The Chemical Muse by D. C.A. Hillman Ph.D
Author:D. C.A. Hillman, Ph.D.
Language: eng
Format: epub
ISBN: 9781466882294
Publisher: St. Martin's Press
6 The Divine Gift of Mind-Bending Intoxication
Those who can not visit the mind’s Antipodes at will (and they are the majority) must find some artificial method of transportation.
—Aldous Huxley
The Muses were Greek goddesses of poetic inspiration. There were nine of them, and their divinity was unassailable; they were the daughters of Zeus himself, the chief Olympian deity, and Mnemosyne, the goddess of memory. Hesiod, an early Greek poet who lived sometime around 700 B.C. and wrote about traditional Hellenic gods, tells us that the entry of the Muses into the world brought a blessed forgetfulness of pain and a rest from sorrow.1 He wrote that the Muses celebrated the ways of immortals and filled musicians and poets with inspiration. Countless artists upheld the ideal of the Muses and began their literary works with dedications to these goddesses of poetic inspiration. By directly invoking the assistance of the Muses, ancient writers acknowledged the seemingly supernatural effects of poetry, music, and art.
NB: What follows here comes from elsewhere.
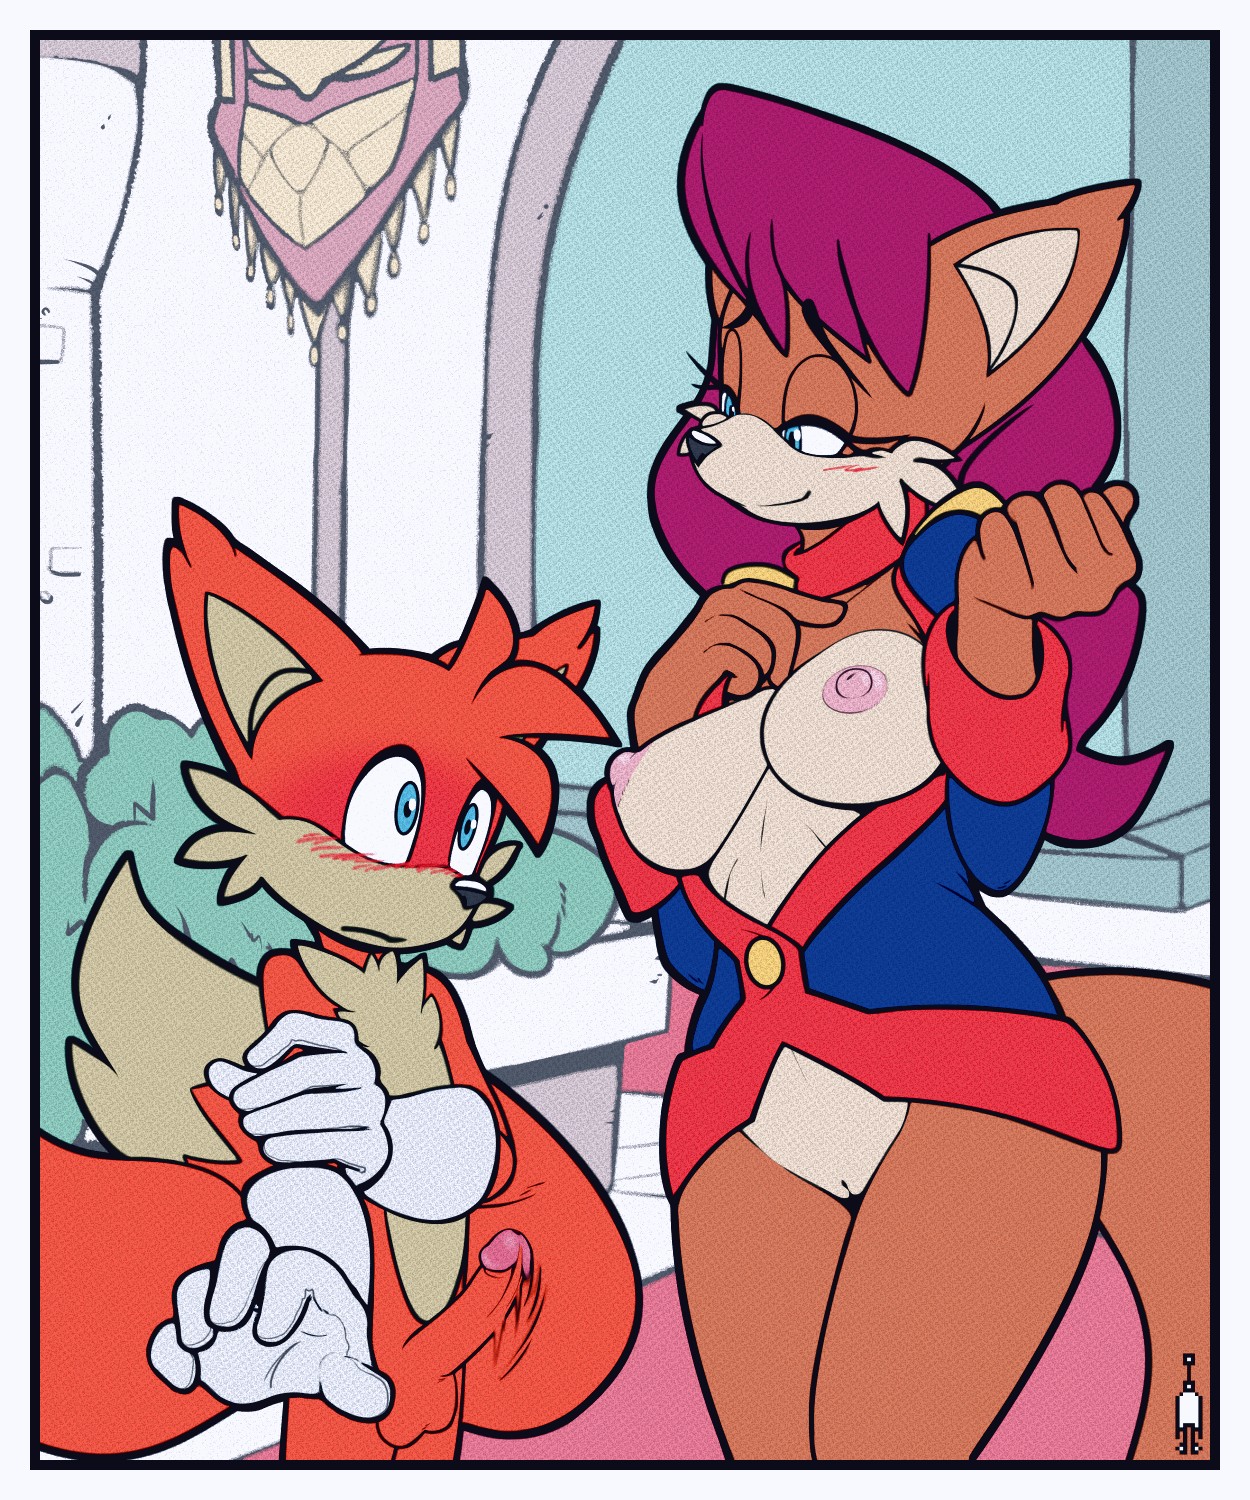 Mother Knows Best porn comic page 01 on category Sonic The Hedgehog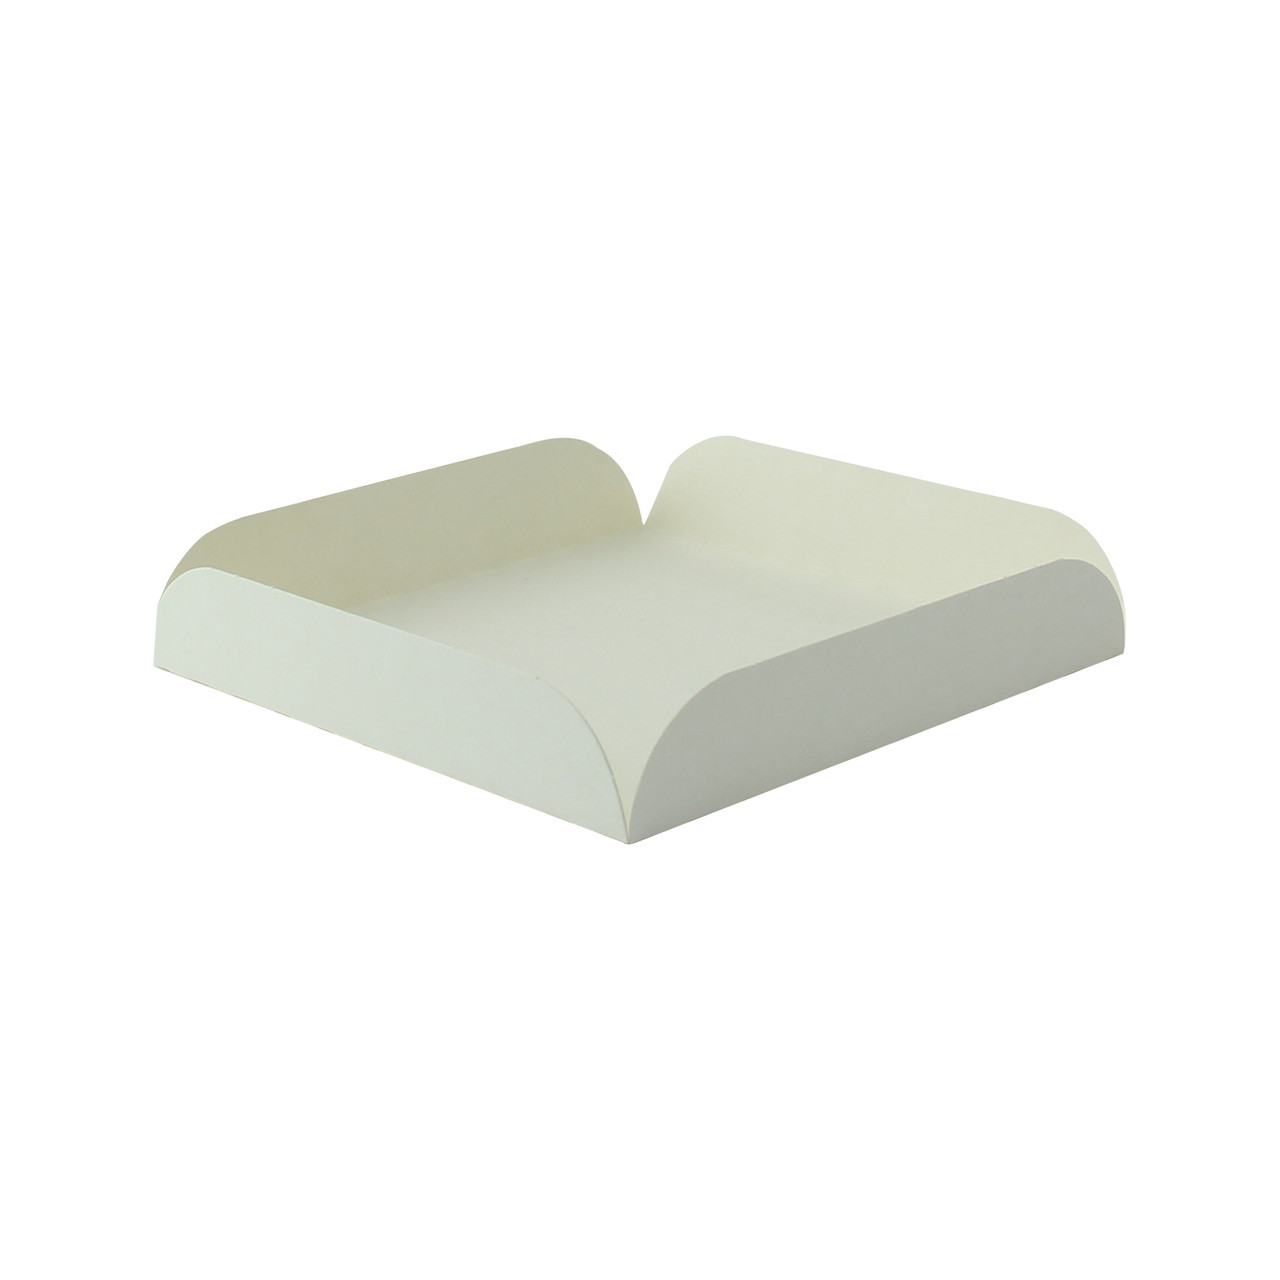 White Square Tray with Foldable Edges L:4.33in W:4.33in H:0.79in - 250 pcs

All sorts of intellectuals, poets, historians, writers, and philosophers looked to the inspiration of the Muses as a means of giving their work the spark it needed. Each of these nine daughters of Zeus held sway over a particular art. For example, Clio presided over history, Erato over lyric poetry, Melpomene over tragedy, and Calliope over epic poetry. The Classical world trusted that the Muses filled their devotees with some form of celestial grace. They transformed mundane human writings into something divine.
In order to worship the Muses properly—they were goddesses after all—the Greeks created sanctuaries where the arts of writing and music were honored and preserved for the sake of the education and the well-being of the Greek-speaking world. The most famous of these was the great Museum of Alexandria, in Egypt. Here Greek scholars performed groundbreaking research and gave rousing lectures. This scholarly research, performed in honor of the Muses, prepared the Western world to embrace the wisdom of preceding generations and forge ahead with accumulated insight. In this way the cult of the Muses was responsible for the preservation and extension of all our traditional cultural values, customs, and principles. As a home for artistic inspiration and philosophical inquiry, the museum was a forerunner of the modern university.
Hesiod writes that the Muses left their homes on the lofty peaks of Mount Helicon at night to carry their songs of inspiration to mortals.2 This picture seems all too appropriate, when we consider that nighttime and dreaming are closely related concepts in antiquity as they are still today. Classical authors typically softened the crude linguistic distinction between dreams, visions, and divine epiphanies. In fact, much of the mythological narrative found in Greco-Roman literature reflects a keen likeness to the symbolically charged atmosphere of the typical dreamscape; anyone who has read the story of Odysseus and the Cyclops, or Aeneas’s trip to the underworld, cannot help to have noticed the surreal quality of the images and characters found therein. Dreams, visions, and hallucinations were an avenue of discovery for the Greeks—especially when they sought self-knowledge.